Lady GaGa’s latest publicity stunt has backfired as she walked out of a recent magazine photoshoot after bosses at the publication refused to let her don a strap-on in a desperate bid to address rumours she is a hermaphrodite.
Internet footage of the Poker Face hitmaker onstage last year sparked fresh debate as to whether or not she had both female and male reproductive organs and whilst the singer dismissed the rumours as “ridiculous,” she decided she wanted to comment on the story by setting up a shocking pose for the new issue of Britain’s Q magazine.
She told the publication, “What I would like to do is make beautiful photography out of the most humorous rumour of my life, thus far, that I have a penis. I want to wear a d**k strapped to my vagina. We all know that one of the biggest talking points of the year was that I have a d**k, so why not give them what they want?
“I also carry myself onstage in a masculine way and sing in a low register. This is not of nowhere, right? I want to comment on that in a beautiful, artistic way. How I wanna show it. It would be a real, f**king story, right? Come on, come see me try to persuade everyone to let me wear a penis.”

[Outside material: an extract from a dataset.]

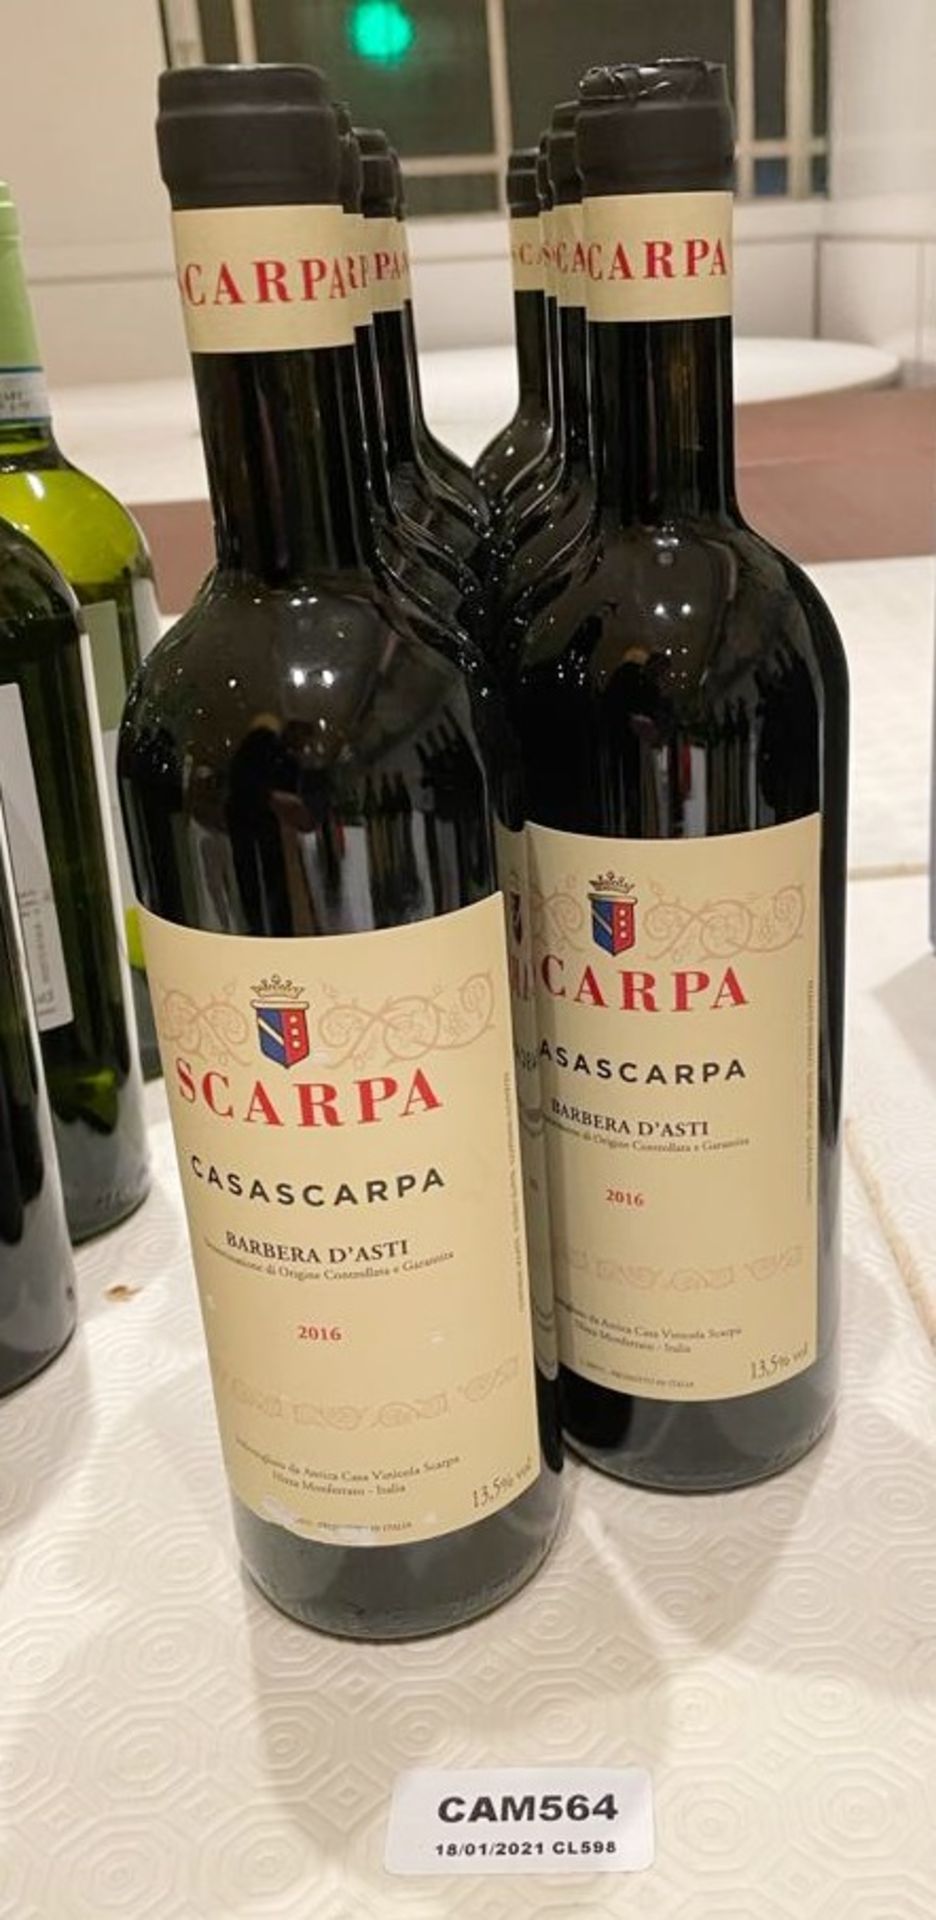 8 x Bottles Of SCARDA BARBERA D'ASTI - 2016 - 75cl - New/Unopened Restaurant Stock - Ref: CAM564

But editors weren’t impressed with her demands, and following a series of tense negotiations, the star burst into tears and walked out before bosses at Q eventually rearranged the shoot and the final pictures, which feature Gaga posing topless in just a pair of leather trousers, appear in the magazine’s latest issue.
Gaga admitted she often struggles with pictorial spreads, telling the magazine, “We always laugh when we get to major magazines and (they say) ‘We want to see the real you.’ And I’m sitting there thinking, ‘These f**king people don’t get it at all.’ You don’t really want to get to know me at all, or photograph my soul, you want to do some version of what you already think I am. When the truth is my and my big f**king d**k are all out there for you. But I’m not angry, I’m laughing. The joke is not on me, it’s on you.”
To be honest GaGa, I’m not really sure what strapping a penis onto your lady garden would do to dispel those rumours…?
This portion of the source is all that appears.